▸ **WHAT THE EXERCISE ASKS**: Look below for the line that has "Sullivan Black Leather"; output exactly from it through the line that has "Reel Angler® Floridaflage™", and leave the pictures out.

▸ **RECORDS FOR THE TASK**:

=== Section Start ===

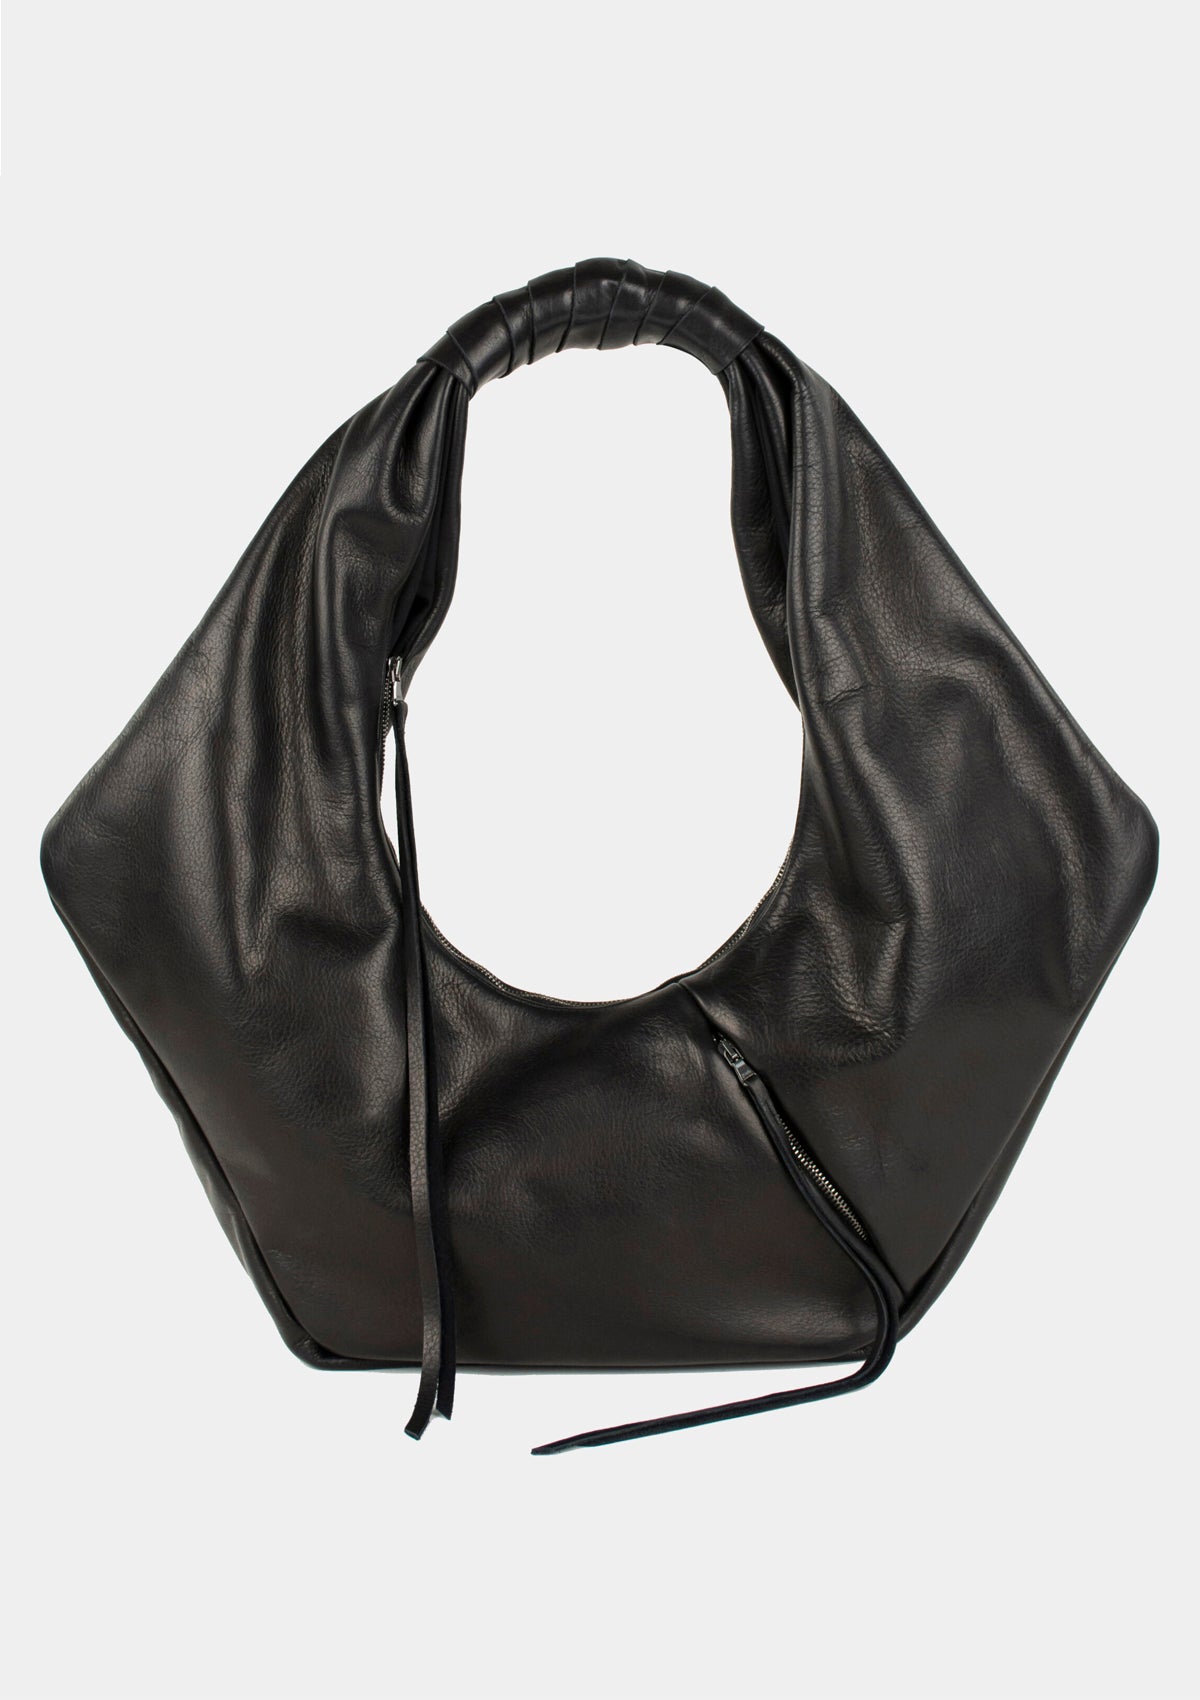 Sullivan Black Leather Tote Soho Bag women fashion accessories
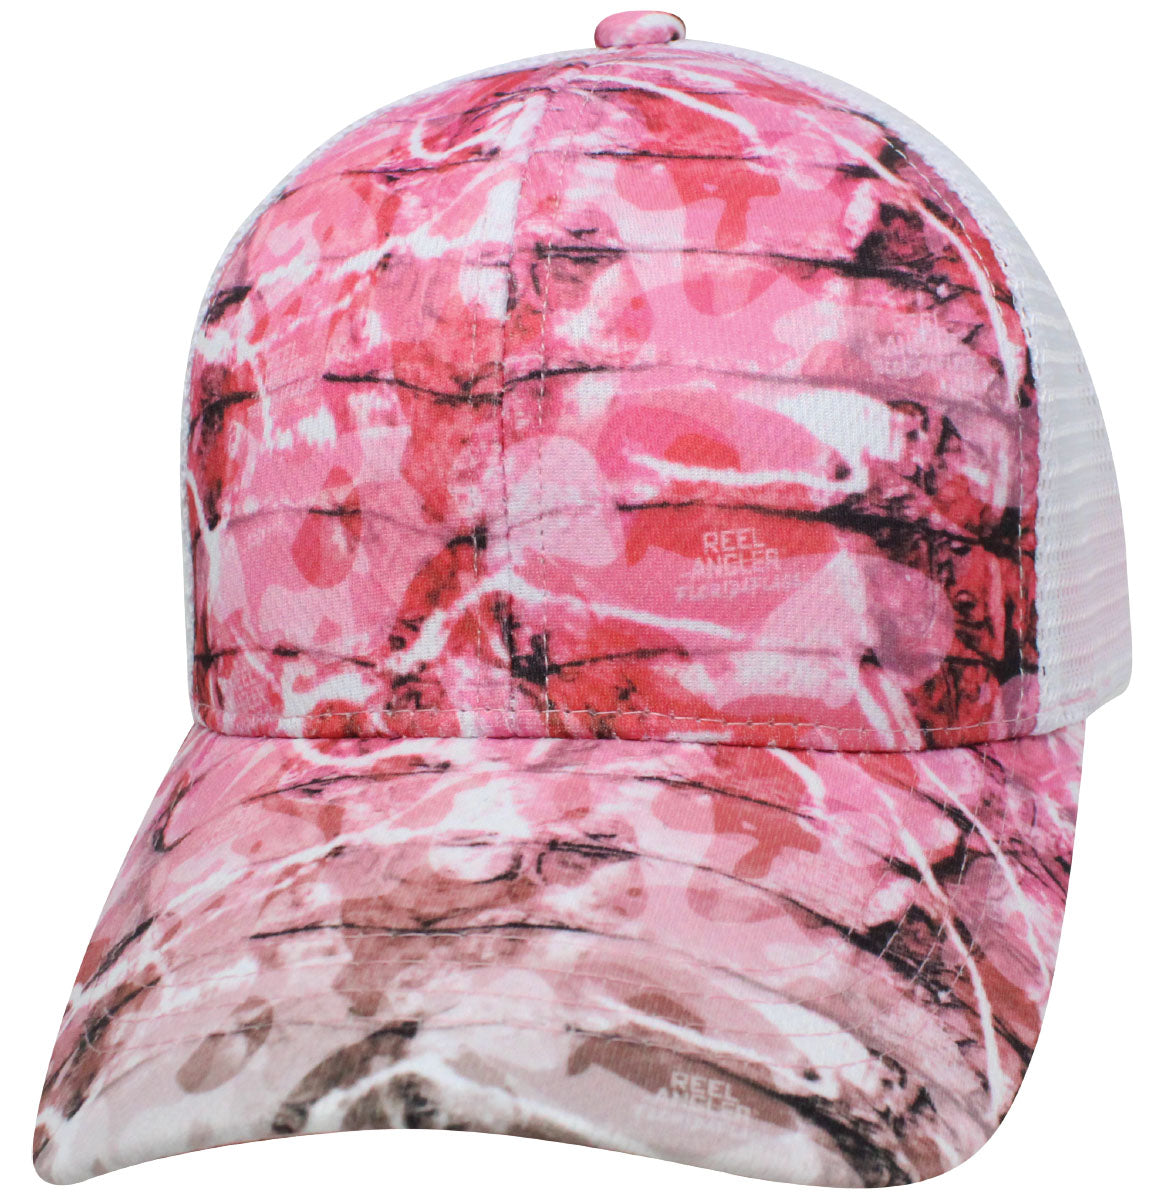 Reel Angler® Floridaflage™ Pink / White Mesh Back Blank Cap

=== Section End ===
=== Section Start ===

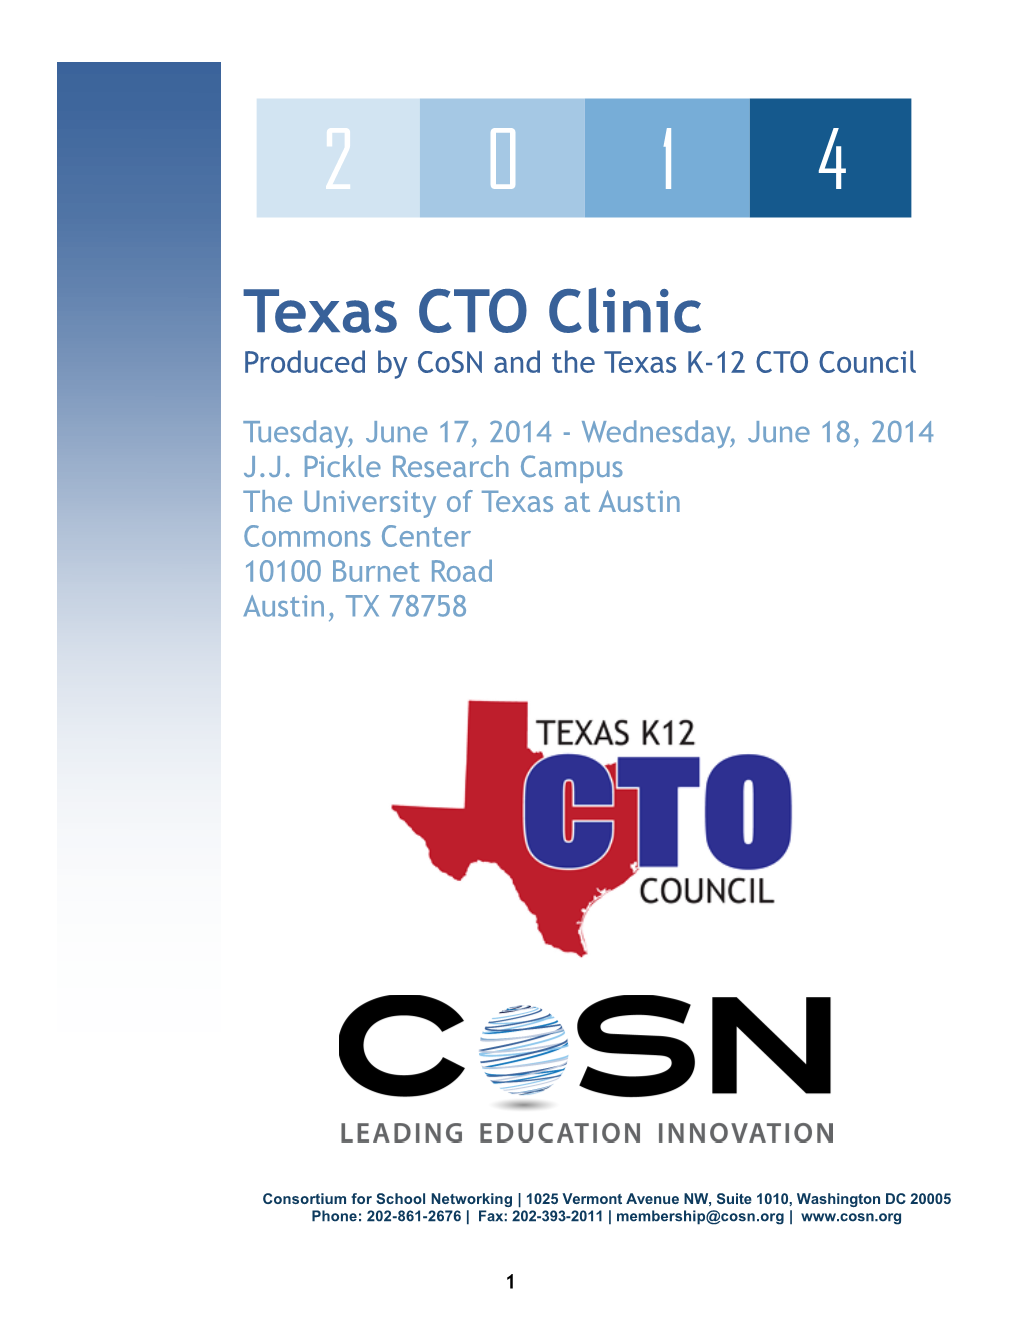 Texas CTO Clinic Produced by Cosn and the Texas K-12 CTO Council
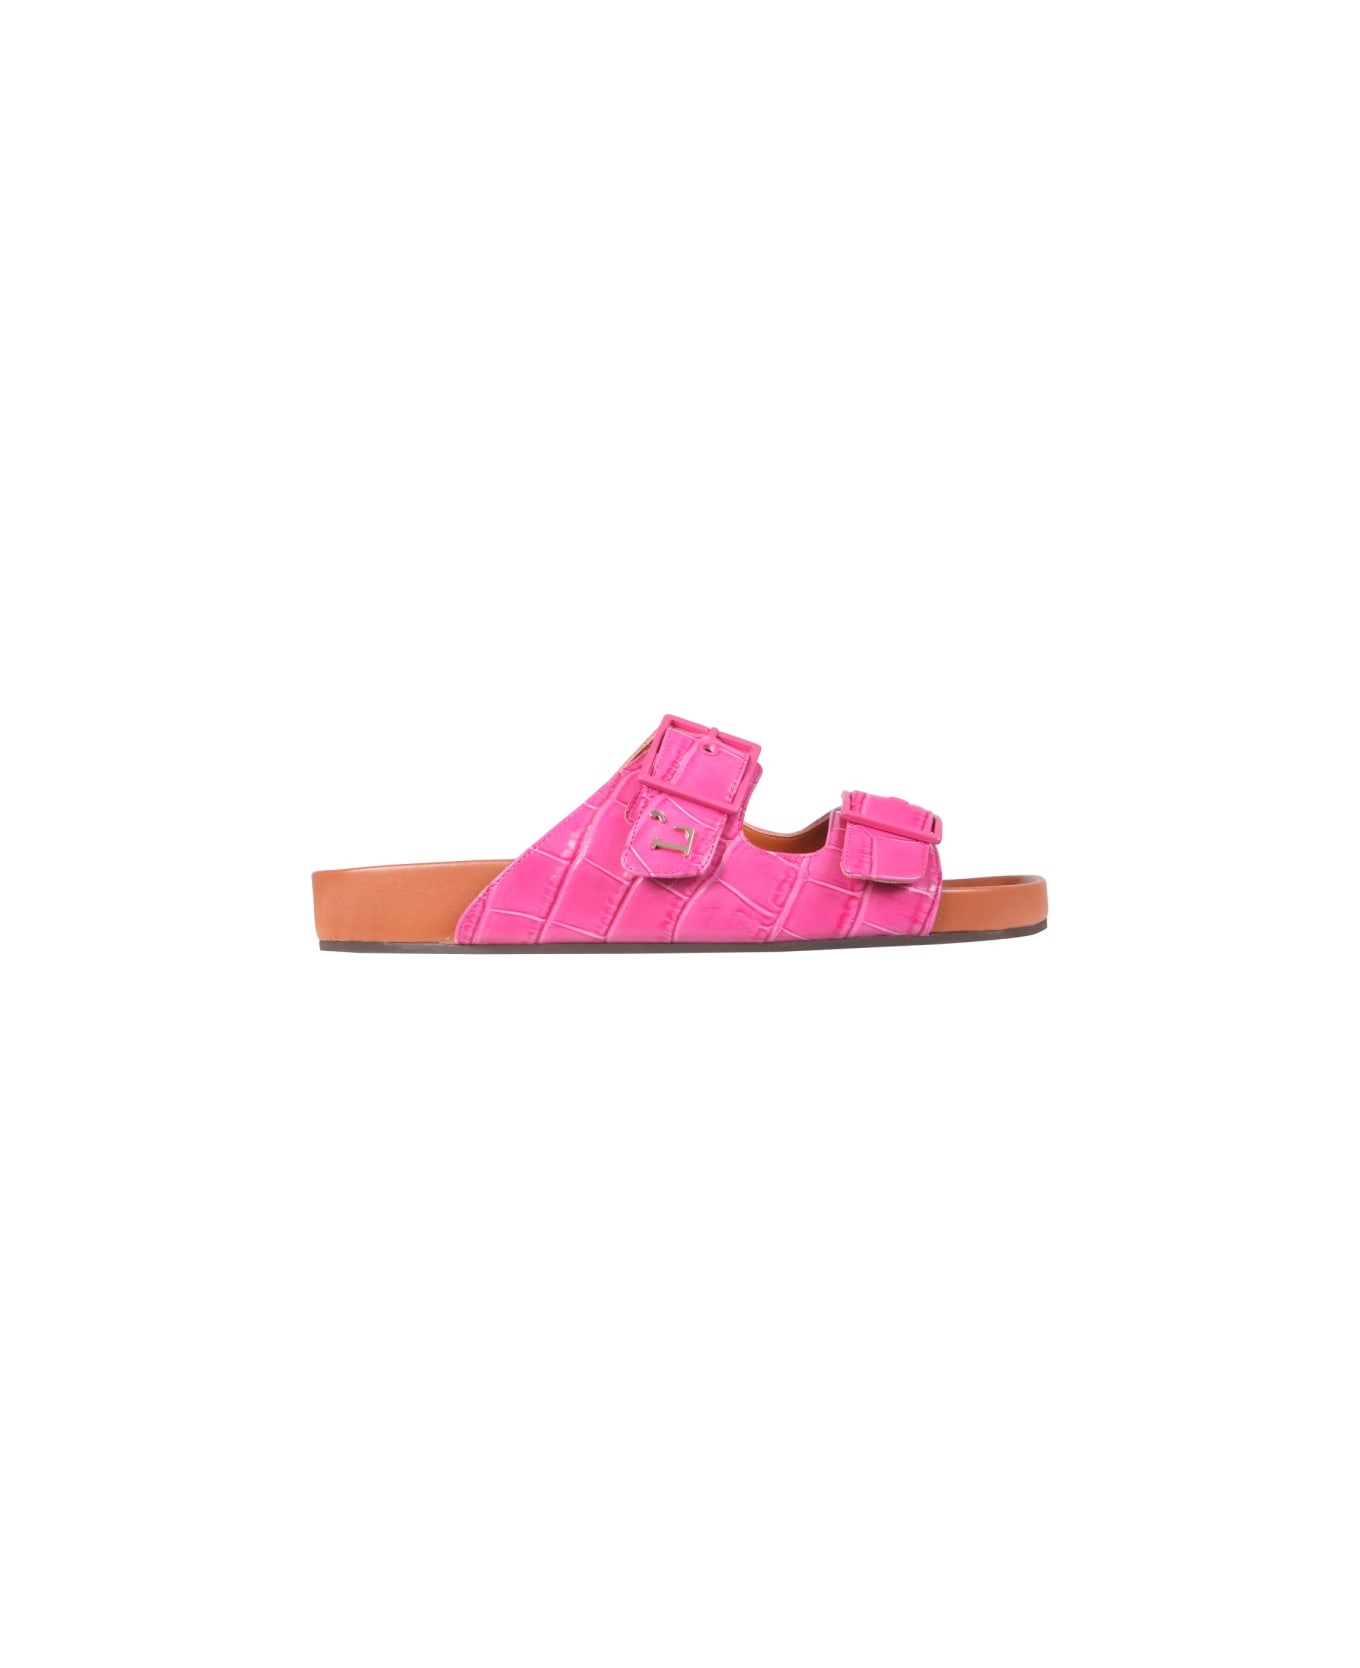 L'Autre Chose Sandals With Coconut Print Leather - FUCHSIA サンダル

=== Section End ===

▸ **PROBLEM SOLUTION**:
 Sullivan Black Leather Tote Soho Bag women fashion accessories
 Reel Angler® Floridaflage™ Pink / White Mesh Back Blank Cap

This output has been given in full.